Tuesday 22 March 2011

How to bluff your way through... AUTOBIOGRAPHY

In 1809, Isaac D’Israeli wrote, ‘if the populous of writers become thus querulous after fame (to which they have no pretensions) we shall expect to see an epidemical rage for auto-biography break out.’ 200 years later, and Jordan/Katie Price has already published four different autobiographies. Was D’Israeli right? I have never read Price’s work, so it would be unfair to call her books soulless, worthless artefacts of a fame-hungry, talentless attention-vacuum. But these autobiographies turn some truly amazing people into quality literature.

Boys and their Tales of Childhood

The critic Clive James brings all the wit of his newspaper columns to his own life in his Unreliable Memoirs. His childhood in post-war, suburban Sydney is startlingly honest and surprisingly captivating. Not only that, but his autobiography is undeniably, irresistibly hilarious. If you can’t stop laughing, he has written four more volumes.

Roald Dahl understood children like no other author.
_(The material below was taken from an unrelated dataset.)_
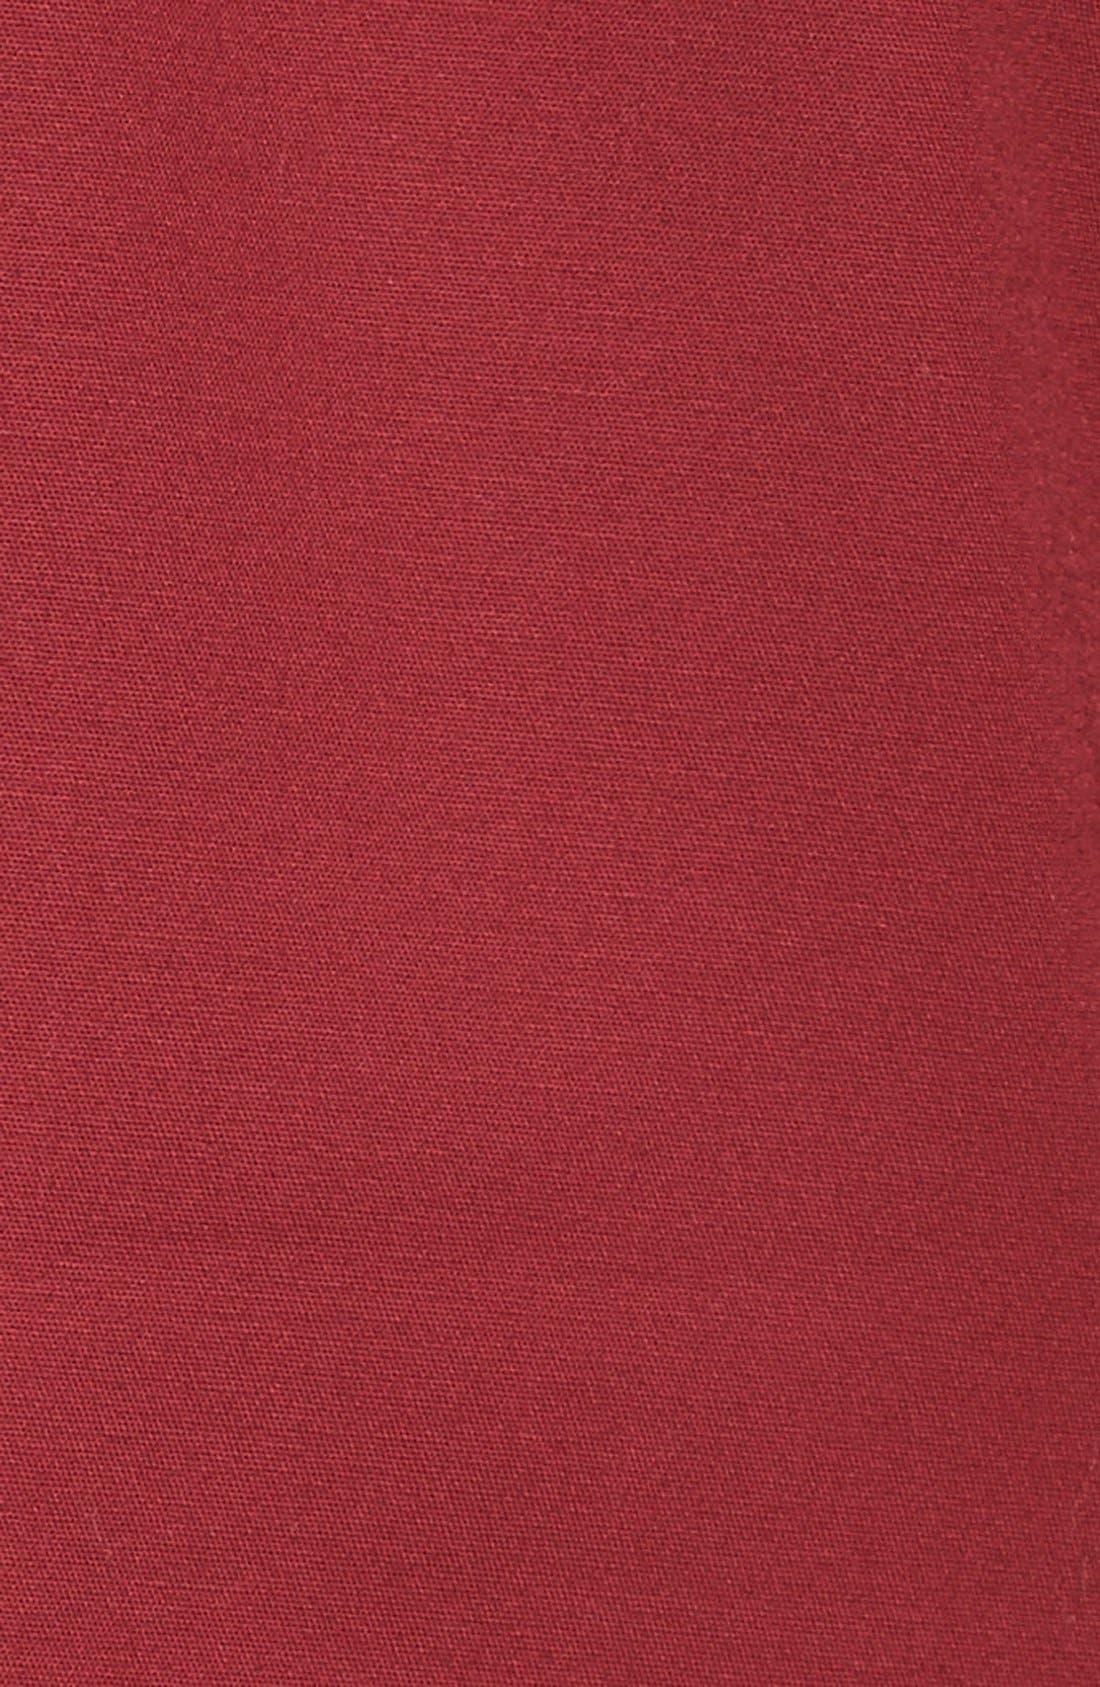 Alternate Image 3  - Vince CamutoStretch Cotton One-Button Blazer
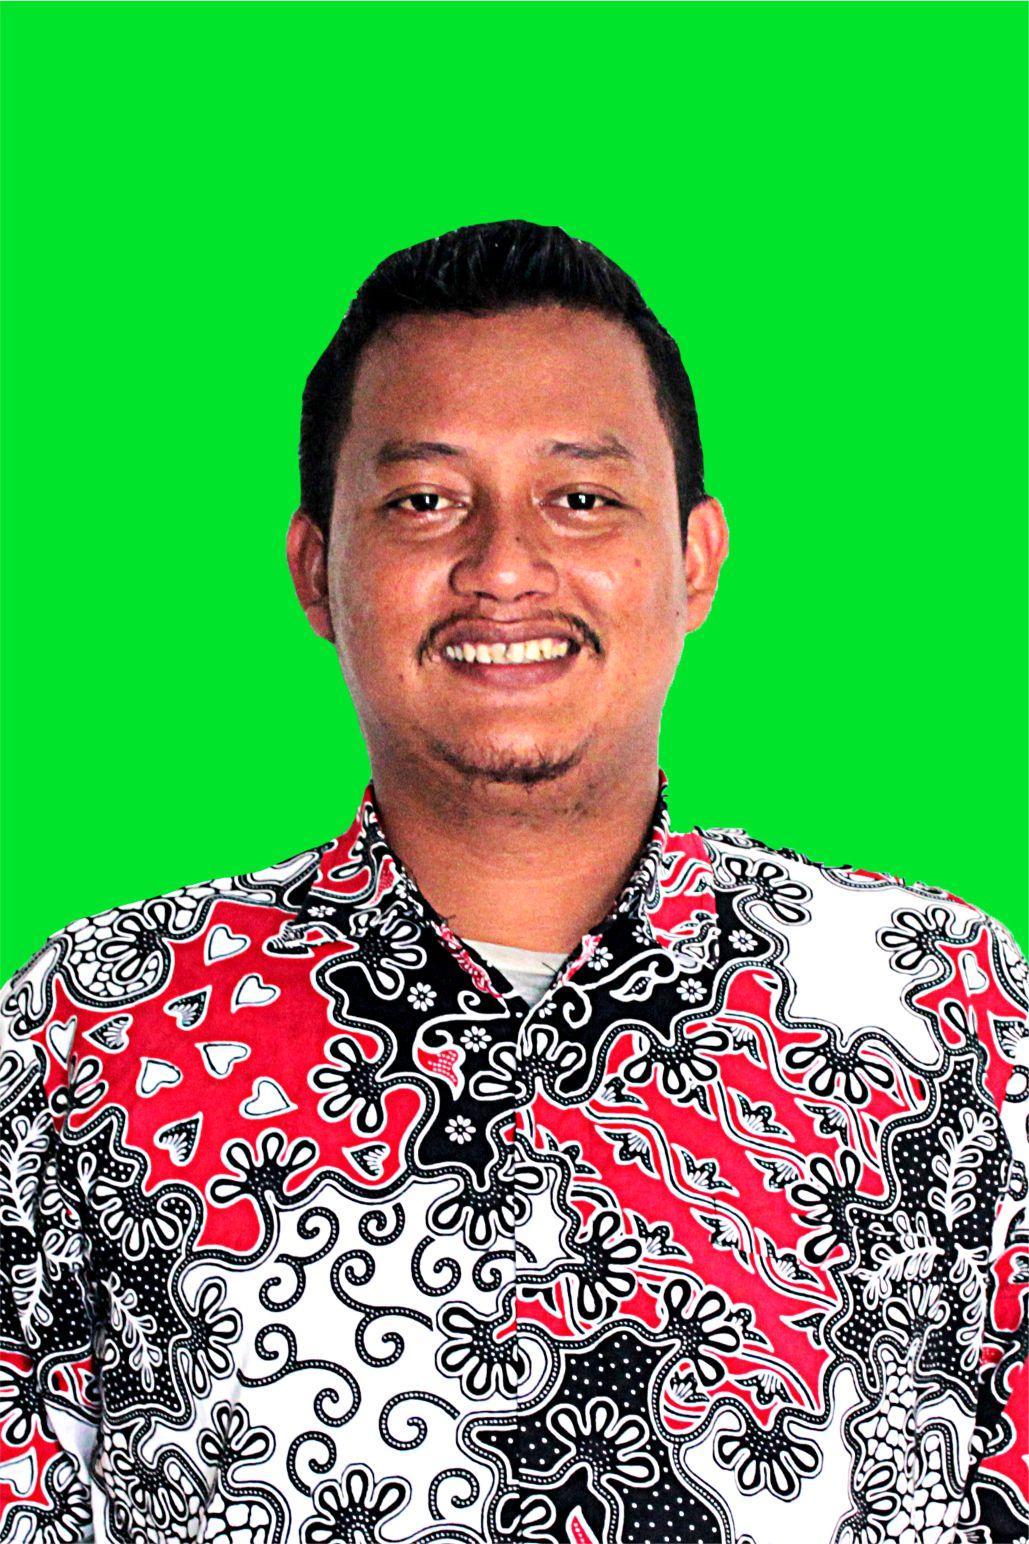 Staff Rasyid Marta Ela, ST SMK Taruna Harapan 1 Cipatat

Boy: Tales of Childhood is technically written for his younger audience, but, for his grown-up fans, it not only describes his early life, but transports you back into the mind that created gigantic flying peaches and Big Friendly Giants.

Also recommended: My Family and Other Animals, Gerald Durrell

Fictionalized Tales

In the introduction to Oranges Are Not the Only Fruit, Jeanette Winterson writes, ‘Is Oranges an autobiographical novel? No not at all and yes of course.’ There is nothing straightforward about her story of a girl, also Jeanette, coming-out to her evangelical church community. She stretches the truth into art, inserting rewritten fairy tales and structuring her life like the Bible, yet there is a sincere, honest heart to the fictionalized novel.

Semi-autobiographical works are the ultimate incarnation of ‘writing what you know’ and there are countless such novels. Some noteworthy examples include: Sons and Lovers, D. H. Lawrence, David Copperfield, Charles Dickens; The Bell Jar, Sylvia Plath.

Untold Tales

We know almost nothing about Shakespeare. He did not write an autobiography. The next best thing, however, is Bill Bryson’s Shakespeare: The World as a Stage, which entertainingly skips through what we can puzzle out about the legendary writer.

Claire Tomalin is the queen of literary biographies. Jane Austen may have had a dull life on the surface, but Tomalin brings out the sharp intelligence that makes Austen one of the best-loved authors in the English language.


This article orginally appeared in Epigram (Issue 237, 21/03/2011, p. 20).

1 comment:

  1. Another well-written column Ms Cawse. Epigram is lucky to have you.

    At some point, I'll swap you 'Oranges Are Not The Only Fruit' for 'The Passion' (which I'm fairly sure isn't autobiographical, though it does make me want to go to Venice).